Kapitalismus heißt Spaltung
Was Regierung und Kapital an der Vermarktung der
„Einheit“ interessiert, ist vor allem die Botschaft, dass
sich mit dem Ende der DDR und der sozialistischen
Staaten überhaupt der Kapitalismus als beste aller
möglichen Welten erwiesen hätte. Davon kann jedoch
nicht die Rede sein. Schon zu Zeiten der DDR existierten im kapitalistischen Teil Europas Regime, die in
keinster Weise demokratisch waren und die Menschenrechte offen mit Füßen traten: Portugal und Spanien, in
denen der Faschismus bis 1974 bzw. 1975 regierte;
Griechenland und die Türkei, wo von 1967-74 bzw.
1980-82 kapitalistische Militärdiktaturen regierten. Soziale und demokratische Zugeständnisse im Kapitalismus
gibt es nur wenn (und nur solange wie) Gewerkschaften, soziale Bewegungen und eine organisierte Linke
stark genug sind, sie durchzusetzen und zu verteidigen.
Kapitalismus heißt auch Imperialismus: Der Kampf um
Rohstoffe, Öl, billige Arbeitskraft in der Dritten Welt und
militärisch kontrollierte Handelswege ist in vollem Gange.

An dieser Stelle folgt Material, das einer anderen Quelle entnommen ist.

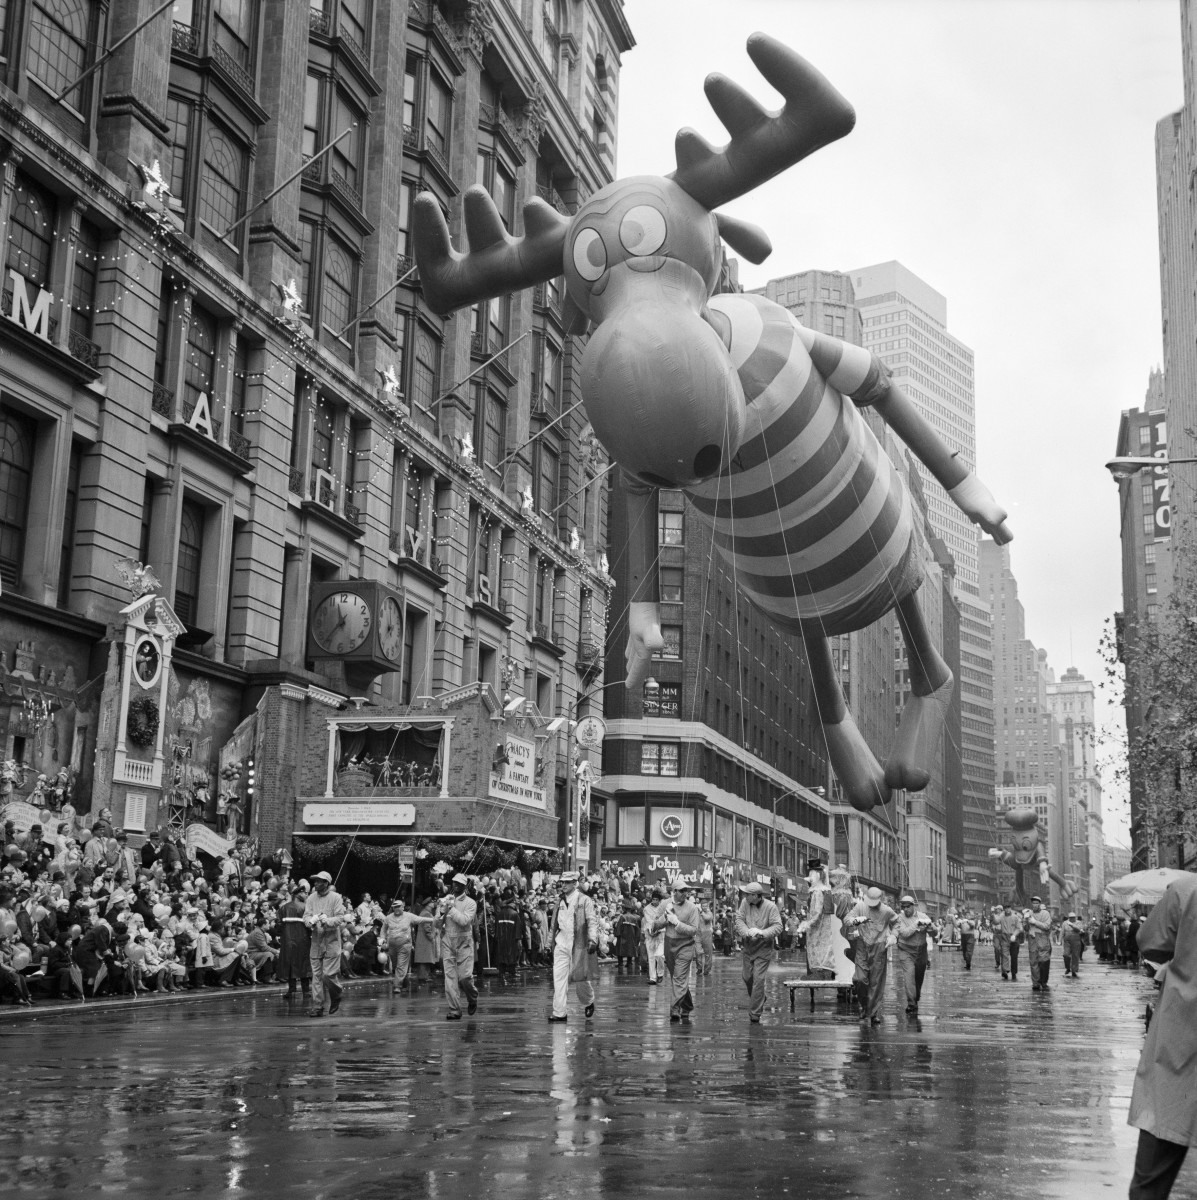 A giant Bullwinkle float looms over the crowd in the 1962 Macy’s Thanksgiving Day Parade. Despite the weather, a large crowd came out to see the parade on a rainy Thanksgiving Day.

Mit dem Kapitalismus werden wir das 21.Jahrhundert
nicht überleben – Krieg, Umweltzerstörung, Klimakata-
strophe und weltweites soziales Elend lassen sich so
nicht überwinden. Kapitalismus heißt einfach, dass
einer kleinen Gruppe von Eigentümern die Produktion
und der gesellschaftliche Reichtum gehören und sie
damit machen können, was sie wollen. Das gilt auch
unter den heutigen Bedingungen einer parlamentarischdemokratischen Staatsverfassung. Wer an der Supermarktkasse sitzt, kann auf Verdacht gekündigt werden
– wer Milliarden auf den Finanzmärkten verzockt, dem
wird geholfen.
Weltweit suchen Menschen heute Auswege aus dem
Kapitalismus. In Südamerika versuchen die Menschen
in Venezuela und anderen Ländern, einen Sozialismus
des 21.Jahrhunderts zu bauen. Von Attac bis zum
Weltsozialforum wird an Ideen für eine „Solidarische
Ökonomie“ gearbeitet. Auch DIE LINKE hält daran fest,
dass einem demokratischen Sozialismus die Zukunft
gehört.
Die DDR, so wie sie war, ist kein Modell für eine Alternative. Aber der Kapitalismus, so wie er ist, ist kein
Modell für das 21.Jahrhundert.
Wir wollen keine „Einheit“ feiern, die in Wahrheit soziale Spaltung
heißt. Wir wollen ein offenes, soziales, antimilitaristisches Deutschland, in dem die Ursache der sozialen Spaltung – der Kapitalismus
– endlich abgeschafft ist. Das Deutschland, von dem Sarrazin
träumt, wollen wir in der Tat abschaffen.